By exploiting a code vulnerability in the Arcadia Finance DeFi protocol, a hacker managed to drain approximately $455K.
The hack on Arcadia Finance was alerted by PeckShield, a blockchain investigator, according to which, the issue lies in the lack of validation of untrusted input. The apparent lack of a validation mechanism in the code, to cross-check the unverified inputs, led to this loophole, which allowed the hacker to drain around $455k from Optimism (darcUSDC) Ethereum (darcWETH) vaults.
PeckShield: Arcadia Finance code required no validation of untrusted input.
Two hours after PeckShield’s report, Arcadia Finance confirmed the hack and temporarily paused the contracts, to prevent further drainage of funds. Arcadia Finance noted in their tweet:
“We are aware of a potential exploit in our protocol. We have paused the contracts and are investigating the root-cause with security experts as we speak. More info will follow as it comes available.”
As the investigation continues, PeckShield noticed another code vulnerability, which can potentially lead to catastrophic outcomes for the protocol if exploited. PeckShield commented on the issue:
“In addition, there is a lack of reentrancy protection, which allows for the instant liquidation to bypass the internal vault health check.”

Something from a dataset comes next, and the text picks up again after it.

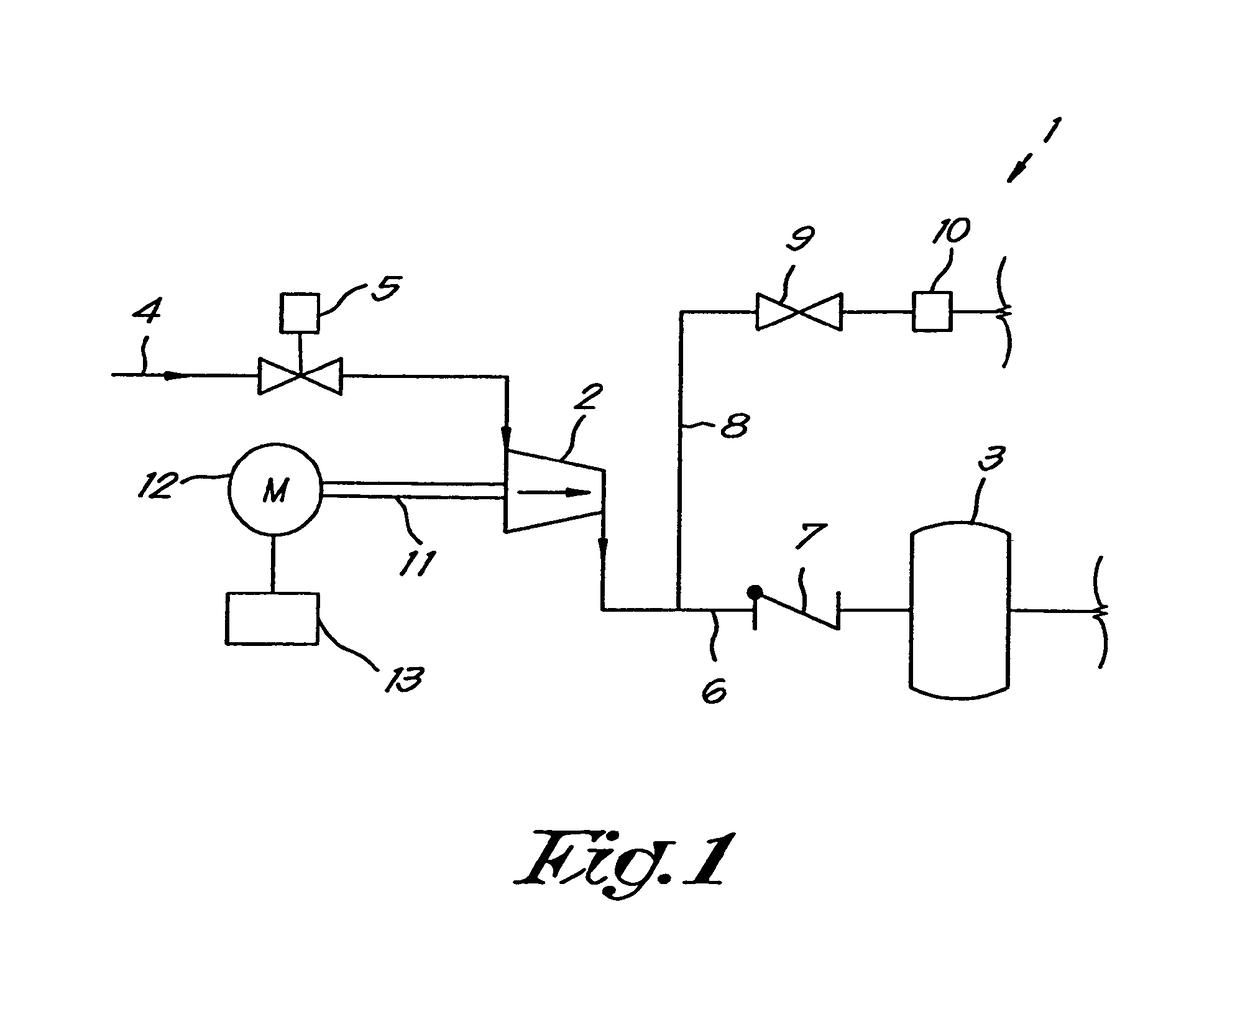 Method for controlling a compressor

Most of the stolen funds came from Optimism, around 180 ETH (Ether), and were washed via Tornado Cash. Although, the stolen tokens from Ethereum, worth over $103k, seem to remain still on the suspected wallet address.
Exploits and hacks have already caused losses of over $300 million in the crypto industry, according to Q2 data of 2023.
Meanwhile, CertiK, a blockchain security company, reported on the 212 security incidents that were recorded in the quarter, which resulted in a total loss of over $313 million from Web3 protocols.
On the contrary, when compared to Q2 data from last year, CertiK recorded that cyber-attacks declined by 58%. Most incidents were recorded on BNB Chain, 119 attacks lead to losses reaching $70,8 million.